Nothing to configure: macOS Dictation transcribes and Apple Intelligence rewrites by default, both on-device. The settings below are for upgrading either half.

How it works

Two halves, independently swappable:

text
your voice ──▶ transcription engine ──▶ rewrite model ──▶ the field
              (macOS or local model)    (Apple or Ollama)

The rewrite is vocabulary-aware: your custom terms, technical terms visible on the surface you're dictating into, jargon learned from your past dictations, and your project/host names are all injected so the model corrects toward your vocabulary ("shop if I" → Shopify) instead of away from it. It never invents facts — output that adds information the transcript didn't contain is rejected and your raw words are kept.

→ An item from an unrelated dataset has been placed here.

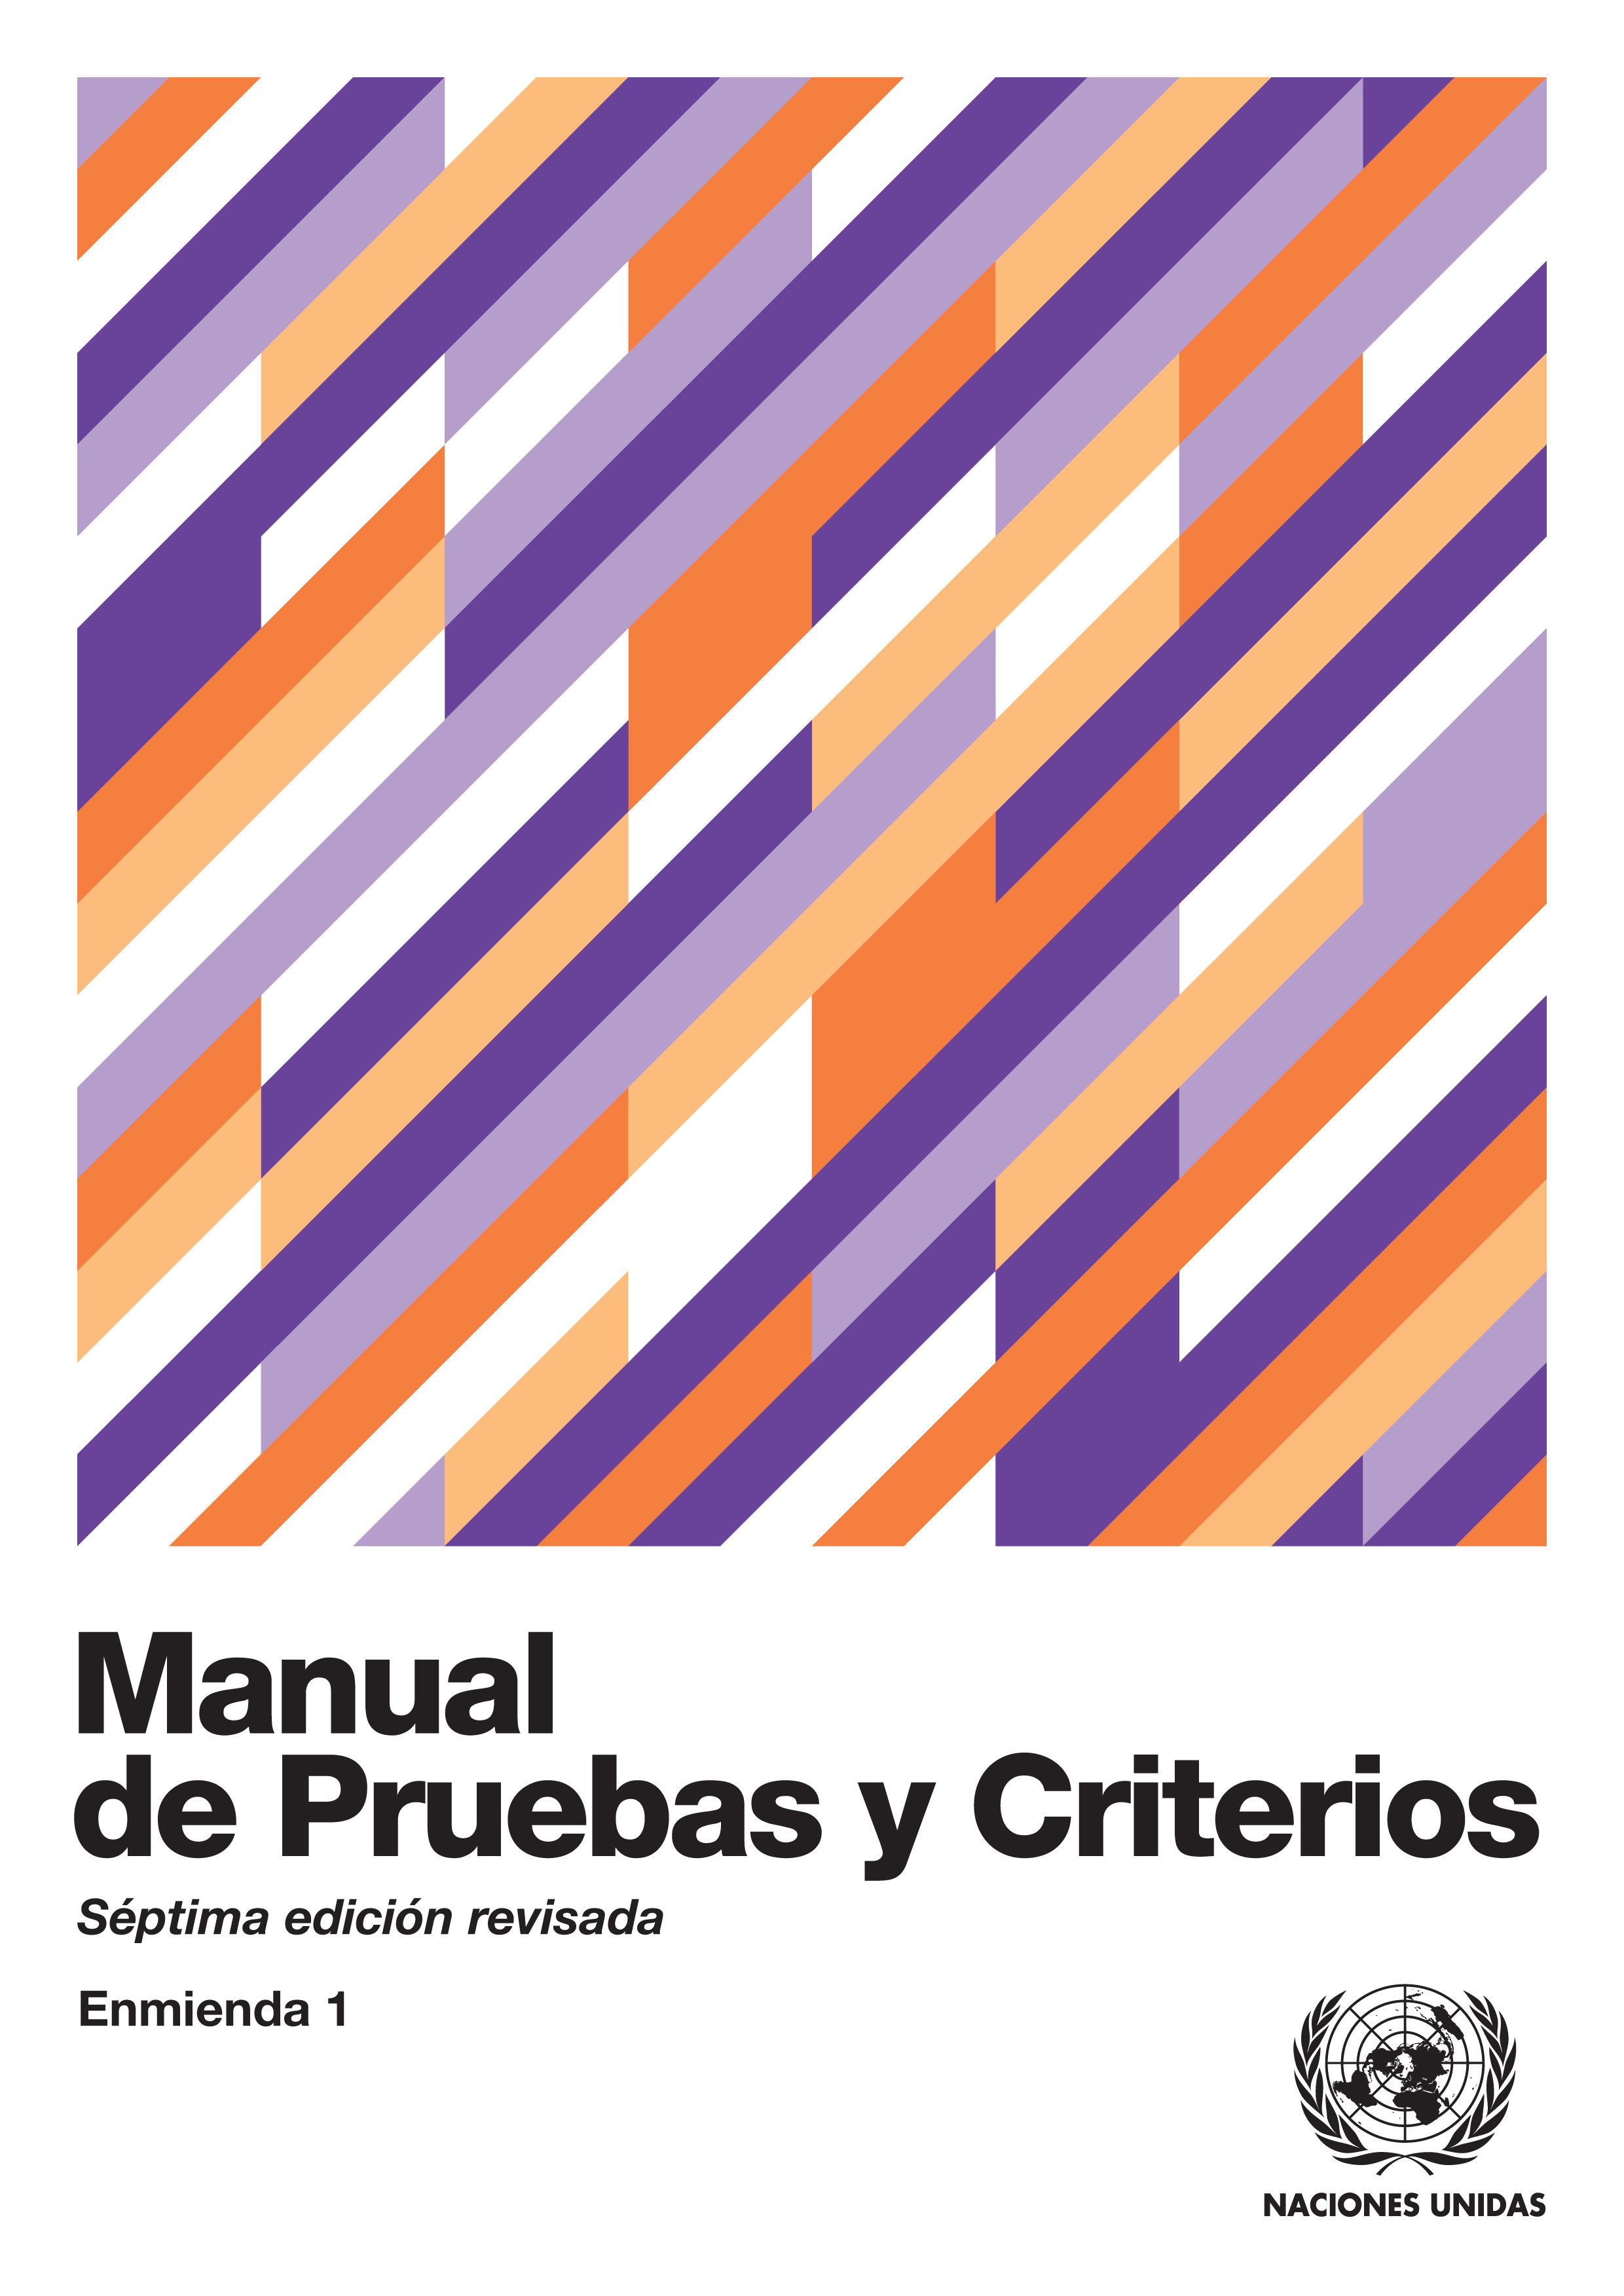 image of Manual de Pruebas y Criterios - Séptima edición revisada, Enmienda 1

With text selected, your words become an edit instruction: select a paragraph, hold Fn, say "make this a bullet list" — the selection is transformed instead of appended.

Transcription engines

macOS Dictation (default)

Zero setup, zero download. The OS types as you speak. Audio is captured by macOS itself (corespeechd), not by PortBay.

Local model

Swap the recognizer for a Whisper or Parakeet model running on your Mac's Neural Engine — your choice of accuracy, language coverage, and speed. Streaming models show live captions while you talk. Requires macOS 14+.

ModelSizeLanguagesCharacter
Parakeet TDT v3 (0.6B)~2.4 GB25 European languagesFastest on Apple Silicon — near-instant transcription on the Neural Engine.
Whisper Large v3 Turbo~1.6 GB99 languagesBest accuracy-per-second in the Whisper family — the default Whisper pick.
Distil-Whisper Large v3~1.5 GBEnglishClose to Turbo speed, English only.
Whisper Large v3~3.1 GB99 languagesMost accurate, slowest — when every word matters more than latency.
Whisper Medium (English)~1.5 GBEnglishA lighter download for English-only dictation.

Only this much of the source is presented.